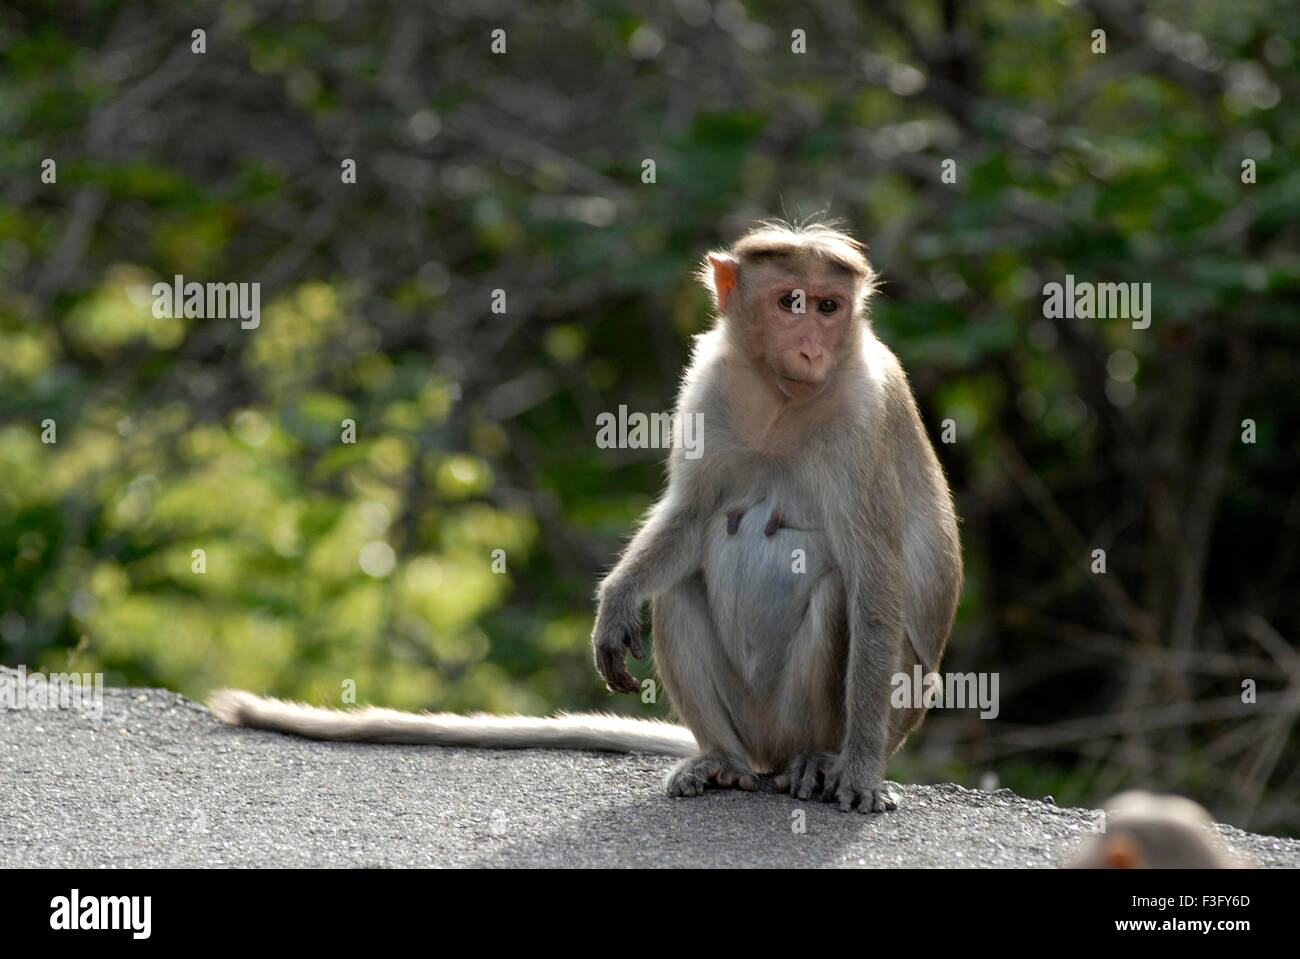 Bonnet monkey route de colline boisée ; Palamuthircholai ; Tamil Nadu Inde ; Banque D'Images
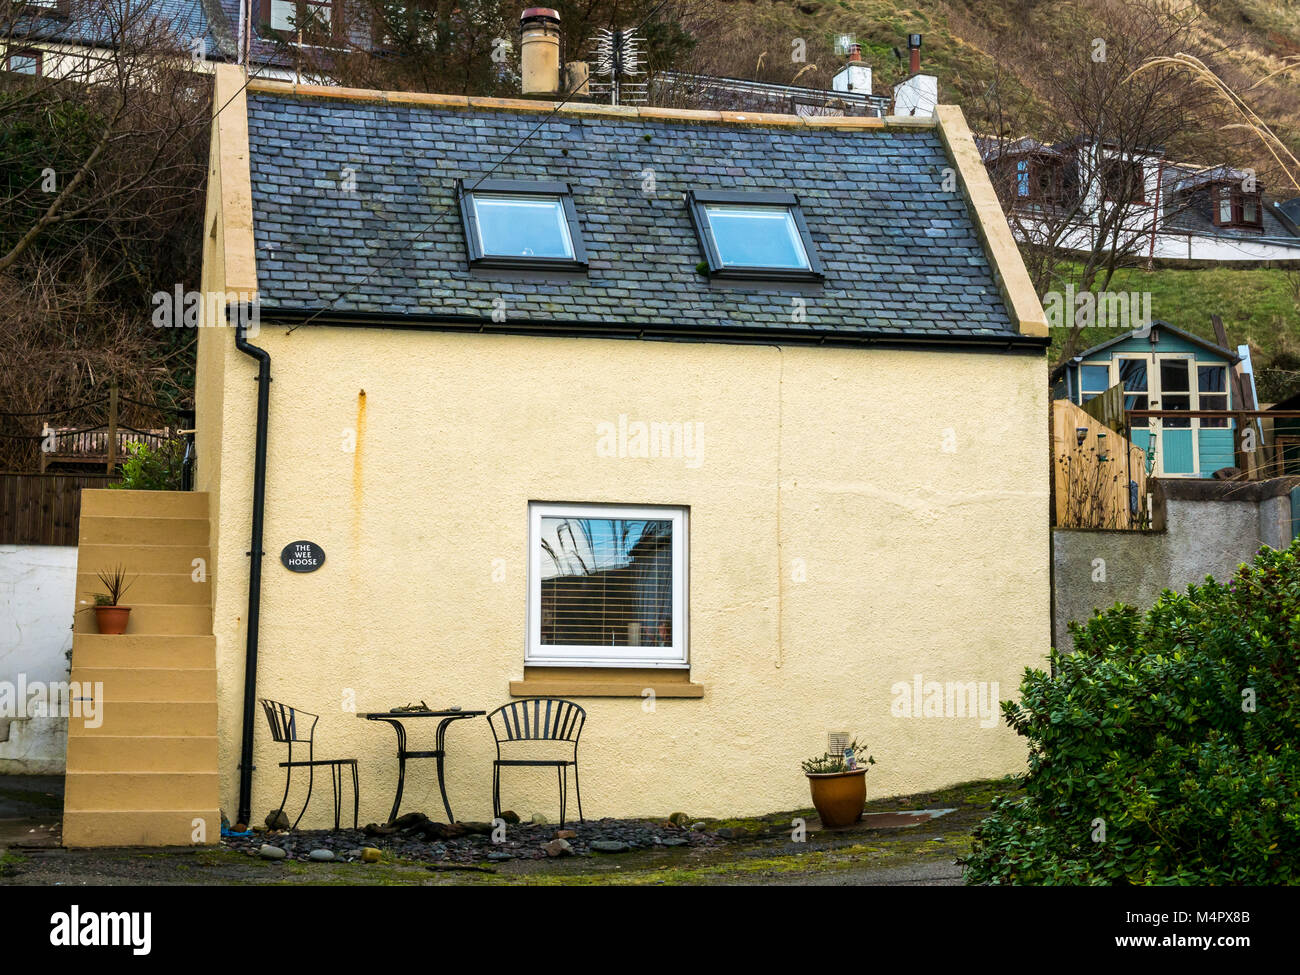 Petite maison appelée Wee Hoose, village pittoresque, Gardenstown, Aberdeenshire, Écosse, Royaume-Uni Banque D'Images
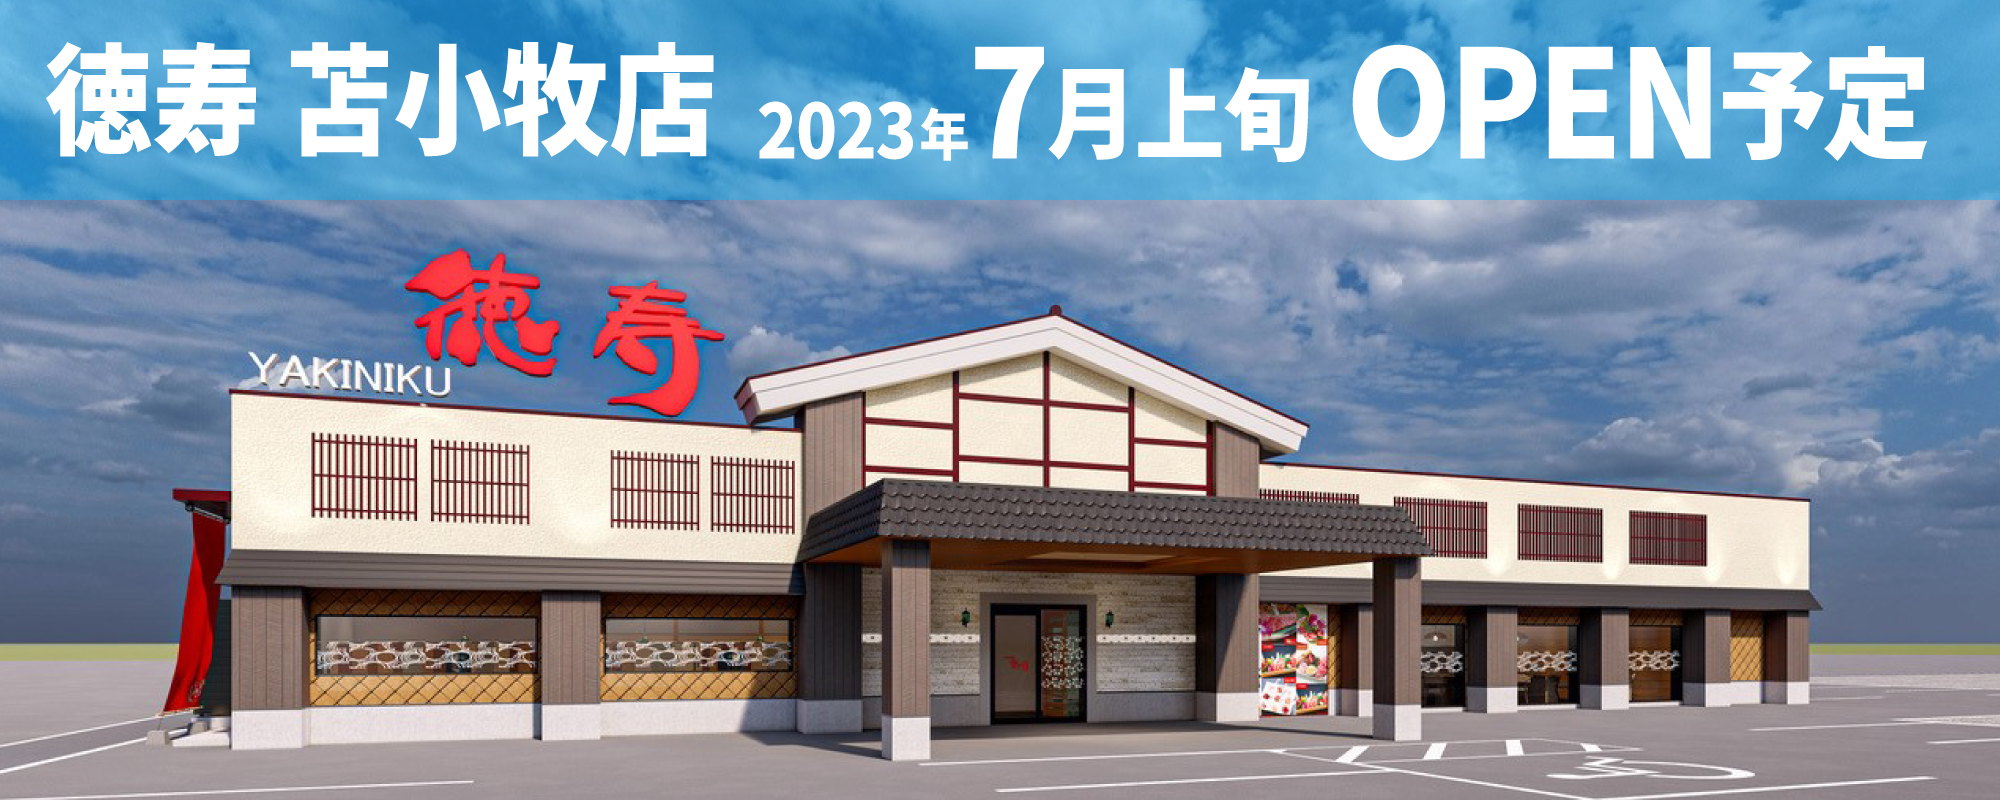 徳寿 苫小牧店2023年7月上旬OPEN予定
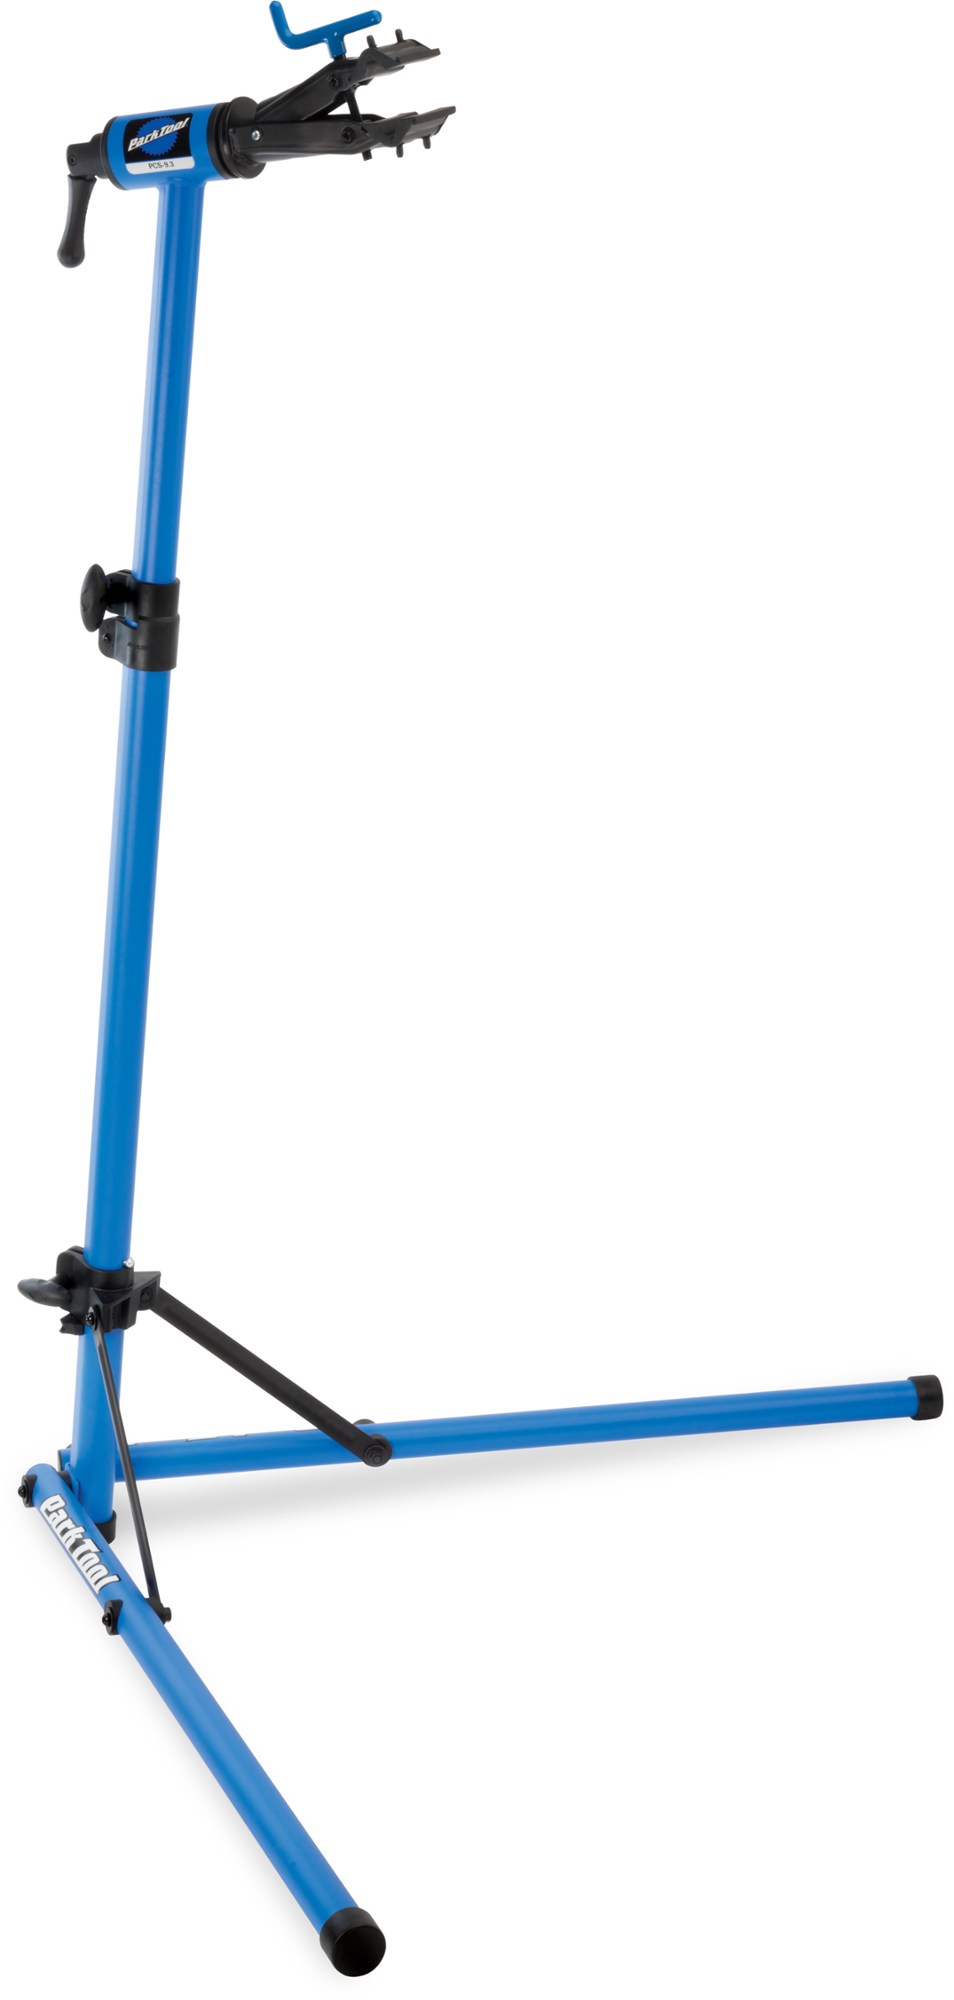 Стенд для ремонта велосипедов PCS 9.3 для домашнего механика Park Tool, синий

____________

Write out the whole of the data exactly; the pictures stay out.

● **RESULT FOR THIS EXERCISE**
 Bonnet monkey route de colline boisée ; Palamuthircholai ; Tamil Nadu Inde ; Banque D'Images
 Petite maison appelée Wee Hoose, village pittoresque, Gardenstown, Aberdeenshire, Écosse, Royaume-Uni Banque D'Images
 徳寿 苫小牧店2023年7月上旬OPEN予定
 Стенд для ремонта велосипедов PCS 9.3 для домашнего механика Park Tool, синий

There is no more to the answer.